- WHAT YOU NEED TO DO
Each entry below is to be transcribed exactly.

- SUPPLIED ENTRIES
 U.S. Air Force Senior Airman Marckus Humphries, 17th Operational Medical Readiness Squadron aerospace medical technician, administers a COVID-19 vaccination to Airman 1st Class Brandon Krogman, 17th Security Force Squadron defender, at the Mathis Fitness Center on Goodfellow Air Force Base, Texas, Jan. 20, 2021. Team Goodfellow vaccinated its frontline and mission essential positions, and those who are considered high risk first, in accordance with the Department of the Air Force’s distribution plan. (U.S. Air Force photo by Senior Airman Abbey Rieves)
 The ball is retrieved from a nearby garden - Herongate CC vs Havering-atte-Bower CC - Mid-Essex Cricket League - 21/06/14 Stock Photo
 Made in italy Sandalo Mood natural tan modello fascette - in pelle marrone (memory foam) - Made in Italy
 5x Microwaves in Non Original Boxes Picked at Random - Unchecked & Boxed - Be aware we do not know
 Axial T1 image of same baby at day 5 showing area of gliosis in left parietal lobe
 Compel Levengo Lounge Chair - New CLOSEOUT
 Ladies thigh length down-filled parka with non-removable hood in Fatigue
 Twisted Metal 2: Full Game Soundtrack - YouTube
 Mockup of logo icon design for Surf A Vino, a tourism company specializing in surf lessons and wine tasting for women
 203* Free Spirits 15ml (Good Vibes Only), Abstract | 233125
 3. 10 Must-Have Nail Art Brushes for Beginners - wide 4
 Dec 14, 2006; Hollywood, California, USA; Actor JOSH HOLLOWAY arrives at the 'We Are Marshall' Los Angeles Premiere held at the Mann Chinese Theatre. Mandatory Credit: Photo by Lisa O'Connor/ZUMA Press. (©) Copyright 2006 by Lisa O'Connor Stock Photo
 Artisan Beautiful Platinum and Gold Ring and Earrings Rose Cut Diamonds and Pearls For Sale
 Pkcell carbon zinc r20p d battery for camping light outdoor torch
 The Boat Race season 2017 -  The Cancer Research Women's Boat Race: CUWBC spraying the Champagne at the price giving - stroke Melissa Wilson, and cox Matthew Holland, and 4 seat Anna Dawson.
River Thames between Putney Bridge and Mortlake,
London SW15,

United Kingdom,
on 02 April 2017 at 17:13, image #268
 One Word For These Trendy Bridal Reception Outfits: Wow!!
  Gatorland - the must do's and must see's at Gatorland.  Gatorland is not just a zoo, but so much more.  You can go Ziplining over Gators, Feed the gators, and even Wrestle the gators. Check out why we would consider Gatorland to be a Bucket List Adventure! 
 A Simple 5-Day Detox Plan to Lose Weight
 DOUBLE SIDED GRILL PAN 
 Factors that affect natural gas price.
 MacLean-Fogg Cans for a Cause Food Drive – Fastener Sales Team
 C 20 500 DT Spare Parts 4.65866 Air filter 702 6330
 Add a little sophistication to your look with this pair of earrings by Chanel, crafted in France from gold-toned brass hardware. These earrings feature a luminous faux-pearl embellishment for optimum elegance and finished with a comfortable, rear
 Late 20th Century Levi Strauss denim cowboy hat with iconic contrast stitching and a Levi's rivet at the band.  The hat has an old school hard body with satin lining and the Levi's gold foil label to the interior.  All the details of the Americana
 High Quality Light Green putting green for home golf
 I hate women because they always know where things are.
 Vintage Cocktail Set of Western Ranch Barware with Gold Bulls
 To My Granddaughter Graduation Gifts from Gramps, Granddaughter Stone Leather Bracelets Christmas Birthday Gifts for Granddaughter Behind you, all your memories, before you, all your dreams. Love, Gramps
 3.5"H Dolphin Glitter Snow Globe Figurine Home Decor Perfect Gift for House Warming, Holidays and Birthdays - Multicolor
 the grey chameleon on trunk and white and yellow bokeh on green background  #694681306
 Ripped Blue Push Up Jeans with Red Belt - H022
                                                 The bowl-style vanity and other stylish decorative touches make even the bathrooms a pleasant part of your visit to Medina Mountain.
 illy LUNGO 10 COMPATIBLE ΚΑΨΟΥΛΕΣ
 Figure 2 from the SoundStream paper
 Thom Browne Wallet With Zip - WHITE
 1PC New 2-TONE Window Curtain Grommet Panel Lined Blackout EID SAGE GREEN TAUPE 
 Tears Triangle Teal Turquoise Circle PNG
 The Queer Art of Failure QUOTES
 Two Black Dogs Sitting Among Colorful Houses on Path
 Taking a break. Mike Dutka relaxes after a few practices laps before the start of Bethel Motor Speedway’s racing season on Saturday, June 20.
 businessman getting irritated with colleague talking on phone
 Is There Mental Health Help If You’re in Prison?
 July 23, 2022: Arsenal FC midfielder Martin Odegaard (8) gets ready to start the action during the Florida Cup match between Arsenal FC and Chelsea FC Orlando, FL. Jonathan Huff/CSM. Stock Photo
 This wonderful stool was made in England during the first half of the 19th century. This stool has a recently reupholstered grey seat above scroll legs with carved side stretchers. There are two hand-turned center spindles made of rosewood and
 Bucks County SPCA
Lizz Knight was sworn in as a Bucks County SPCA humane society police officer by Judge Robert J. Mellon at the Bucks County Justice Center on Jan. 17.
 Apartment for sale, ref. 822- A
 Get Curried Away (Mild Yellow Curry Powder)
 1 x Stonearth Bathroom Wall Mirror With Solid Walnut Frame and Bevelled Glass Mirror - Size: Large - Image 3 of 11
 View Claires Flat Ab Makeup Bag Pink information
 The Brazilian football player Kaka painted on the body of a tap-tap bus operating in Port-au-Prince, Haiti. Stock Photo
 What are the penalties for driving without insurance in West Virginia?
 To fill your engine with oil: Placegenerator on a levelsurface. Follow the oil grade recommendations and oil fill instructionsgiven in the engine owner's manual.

- SOLUTION FOR THIS PROBLEM
 U.S. Air Force Senior Airman Marckus Humphries, 17th Operational Medical Readiness Squadron aerospace medical technician, administers a COVID-19 vaccination to Airman 1st Class Brandon Krogman, 17th Security Force Squadron defender, at the Mathis Fitness Center on Goodfellow Air Force Base, Texas, Jan. 20, 2021. Team Goodfellow vaccinated its frontline and mission essential positions, and those who are considered high risk first, in accordance with the Department of the Air Force’s distribution plan. (U.S. Air Force photo by Senior Airman Abbey Rieves)
 The ball is retrieved from a nearby garden - Herongate CC vs Havering-atte-Bower CC - Mid-Essex Cricket League - 21/06/14 Stock Photo
 Made in italy Sandalo Mood natural tan modello fascette - in pelle marrone (memory foam) - Made in Italy
 5x Microwaves in Non Original Boxes Picked at Random - Unchecked & Boxed - Be aware we do not know
 Axial T1 image of same baby at day 5 showing area of gliosis in left parietal lobe
 Compel Levengo Lounge Chair - New CLOSEOUT
 Ladies thigh length down-filled parka with non-removable hood in Fatigue
 Twisted Metal 2: Full Game Soundtrack - YouTube
 Mockup of logo icon design for Surf A Vino, a tourism company specializing in surf lessons and wine tasting for women
 203* Free Spirits 15ml (Good Vibes Only), Abstract | 233125
 3. 10 Must-Have Nail Art Brushes for Beginners - wide 4
 Dec 14, 2006; Hollywood, California, USA; Actor JOSH HOLLOWAY arrives at the 'We Are Marshall' Los Angeles Premiere held at the Mann Chinese Theatre. Mandatory Credit: Photo by Lisa O'Connor/ZUMA Press. (©) Copyright 2006 by Lisa O'Connor Stock Photo
 Artisan Beautiful Platinum and Gold Ring and Earrings Rose Cut Diamonds and Pearls For Sale
 Pkcell carbon zinc r20p d battery for camping light outdoor torch
 The Boat Race season 2017 -  The Cancer Research Women's Boat Race: CUWBC spraying the Champagne at the price giving - stroke Melissa Wilson, and cox Matthew Holland, and 4 seat Anna Dawson.
River Thames between Putney Bridge and Mortlake,
London SW15,

United Kingdom,
on 02 April 2017 at 17:13, image #268
 One Word For These Trendy Bridal Reception Outfits: Wow!!
  Gatorland - the must do's and must see's at Gatorland.  Gatorland is not just a zoo, but so much more.  You can go Ziplining over Gators, Feed the gators, and even Wrestle the gators. Check out why we would consider Gatorland to be a Bucket List Adventure! 
 A Simple 5-Day Detox Plan to Lose Weight
 DOUBLE SIDED GRILL PAN 
 Factors that affect natural gas price.
 MacLean-Fogg Cans for a Cause Food Drive – Fastener Sales Team
 C 20 500 DT Spare Parts 4.65866 Air filter 702 6330
 Add a little sophistication to your look with this pair of earrings by Chanel, crafted in France from gold-toned brass hardware. These earrings feature a luminous faux-pearl embellishment for optimum elegance and finished with a comfortable, rear
 Late 20th Century Levi Strauss denim cowboy hat with iconic contrast stitching and a Levi's rivet at the band.  The hat has an old school hard body with satin lining and the Levi's gold foil label to the interior.  All the details of the Americana
 High Quality Light Green putting green for home golf
 I hate women because they always know where things are.
 Vintage Cocktail Set of Western Ranch Barware with Gold Bulls
 To My Granddaughter Graduation Gifts from Gramps, Granddaughter Stone Leather Bracelets Christmas Birthday Gifts for Granddaughter Behind you, all your memories, before you, all your dreams. Love, Gramps
 3.5"H Dolphin Glitter Snow Globe Figurine Home Decor Perfect Gift for House Warming, Holidays and Birthdays - Multicolor
 the grey chameleon on trunk and white and yellow bokeh on green background  #694681306
 Ripped Blue Push Up Jeans with Red Belt - H022
                                                 The bowl-style vanity and other stylish decorative touches make even the bathrooms a pleasant part of your visit to Medina Mountain.
 illy LUNGO 10 COMPATIBLE ΚΑΨΟΥΛΕΣ
 Figure 2 from the SoundStream paper
 Thom Browne Wallet With Zip - WHITE
 1PC New 2-TONE Window Curtain Grommet Panel Lined Blackout EID SAGE GREEN TAUPE 
 Tears Triangle Teal Turquoise Circle PNG
 The Queer Art of Failure QUOTES
 Two Black Dogs Sitting Among Colorful Houses on Path
 Taking a break. Mike Dutka relaxes after a few practices laps before the start of Bethel Motor Speedway’s racing season on Saturday, June 20.
 businessman getting irritated with colleague talking on phone
 Is There Mental Health Help If You’re in Prison?
 July 23, 2022: Arsenal FC midfielder Martin Odegaard (8) gets ready to start the action during the Florida Cup match between Arsenal FC and Chelsea FC Orlando, FL. Jonathan Huff/CSM. Stock Photo
 This wonderful stool was made in England during the first half of the 19th century. This stool has a recently reupholstered grey seat above scroll legs with carved side stretchers. There are two hand-turned center spindles made of rosewood and
 Bucks County SPCA
Lizz Knight was sworn in as a Bucks County SPCA humane society police officer by Judge Robert J. Mellon at the Bucks County Justice Center on Jan. 17.
 Apartment for sale, ref. 822- A
 Get Curried Away (Mild Yellow Curry Powder)
 1 x Stonearth Bathroom Wall Mirror With Solid Walnut Frame and Bevelled Glass Mirror - Size: Large - Image 3 of 11
 View Claires Flat Ab Makeup Bag Pink information
 The Brazilian football player Kaka painted on the body of a tap-tap bus operating in Port-au-Prince, Haiti. Stock Photo
 What are the penalties for driving without insurance in West Virginia?
 To fill your engine with oil: Placegenerator on a levelsurface. Follow the oil grade recommendations and oil fill instructionsgiven in the engine owner's manual.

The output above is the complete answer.